Human podocytes AB8/13 grown on glass coverslips and glomeruli attached to poly-L-lysine covered coverslips were loaded with 2 μM Fura-2AM in the presence of 0.025% Pluronic for 40 min at room temperature. The extracellular solution contained (in mM): 140 NaCl, 5.4 KCl, 1 MgCl₂, 2 CaCl₂, 0.33 Na₂HPO₄, 10 Glucose, 10 HEPES-NaOH (pH 7.4). In experiments with 0.5 and 50 mM KCl, the concentration of NaCl was appropriately adjusted.

Cells were excited at 340 and 380 nm wavelengths for 100 ms every 2 s by using Lambda 10-B filter changer (Sutter Instruments, Novato, CA, USA).
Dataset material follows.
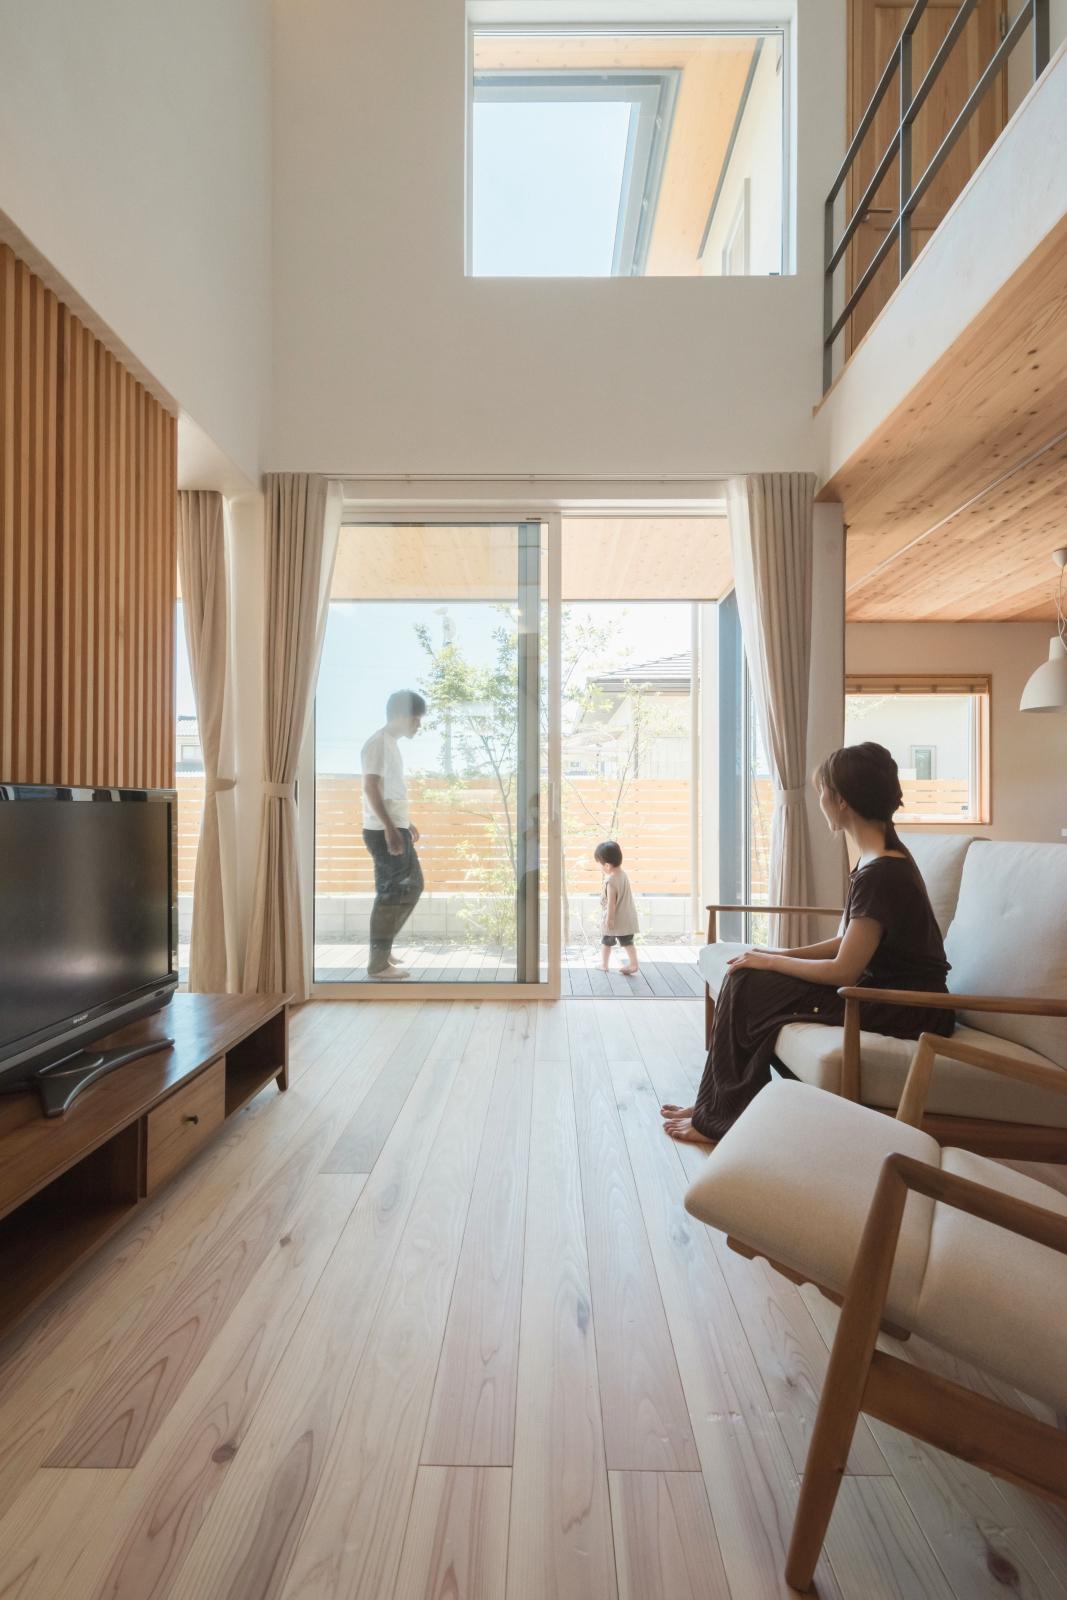 ハイサッシの窓とウッドデッキが室内外をシームレスに繋げてくれる
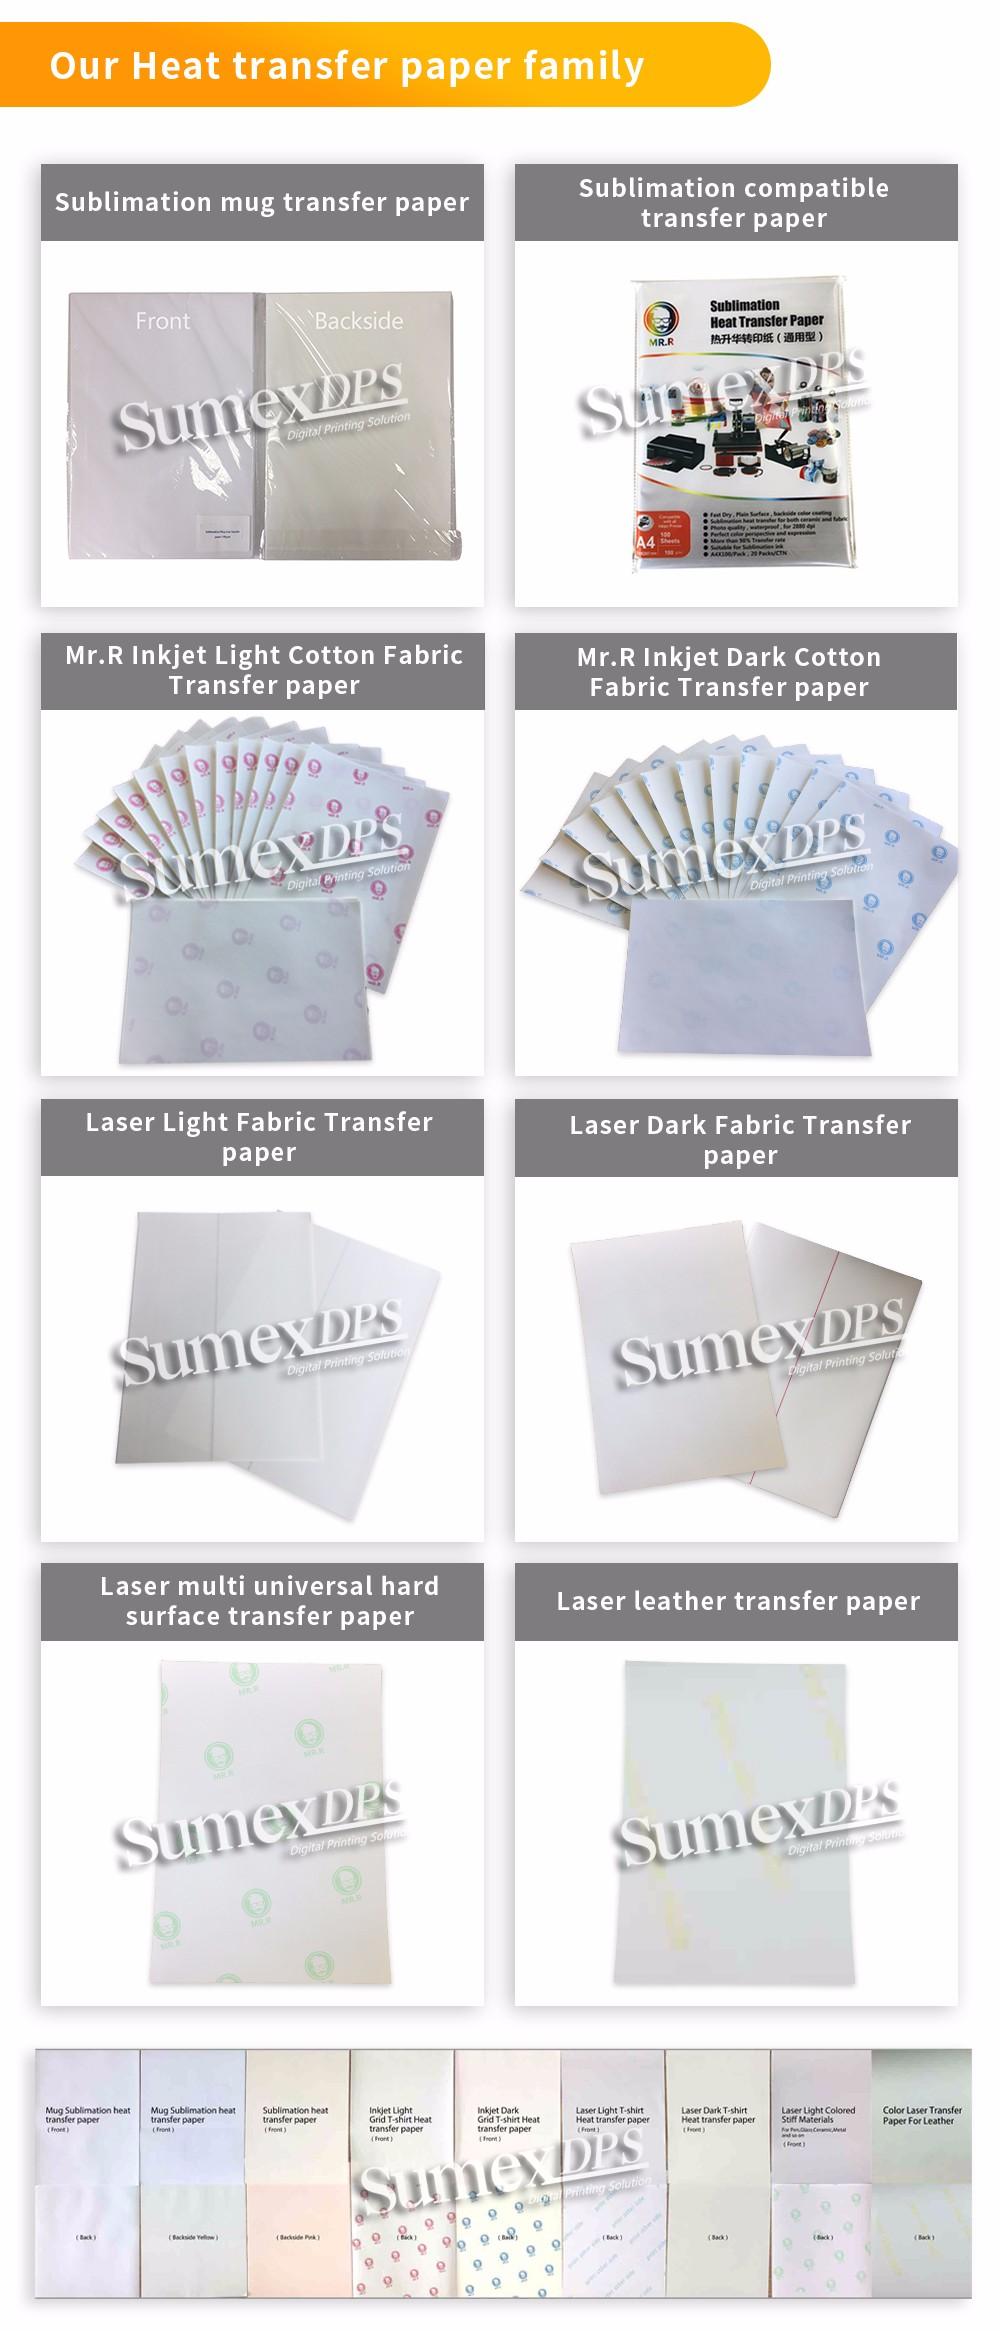 Papel de Transferência de Calor sublimação no cut Superfície Dura 110gsm, A4, imediato secam, para canecas, canecas de vidro, MDF, metal, etc

Emission fluorescence was registered at >510 nm with a Zyla 4.2 sCMOS camera operated by µManager open-source microscopy software. Further analysis was performed in FiJi/ImageJ software. The change in cytosolic Ca²⁺ concentration was estimated from the ratio of emission fluorescence intensities at 340 and 380 nm excitation wavelengths. The reagents were purchased from Sigma-Aldrich (St. Louis, MO, USA). Fura-2AM was purchased from Thermo Fisher Scientific Inc. (Waltham, MA, USA).

4.10. Data Analysis

Data were analyzed using Igor Pro (WaveMetrics, Portland, OR, USA), Origin (OriginLab, Northampton, MA, USA), ImageJ/FiJi, Excel (Microsoft) software.

Statistical comparison was performed using either Student T-test (for normally distributed data) or Wilcoxon–Mann–Whitney U test and Barnard’s exact test (for categorical data). The data are presented as mean value and the standard error of mean (mean ± SEM). The critical level of significance is taken equal to 0.05. Throughout the manuscript *, **, and *** indicate p values of <0.05, <0.01, and <0.001, respectively.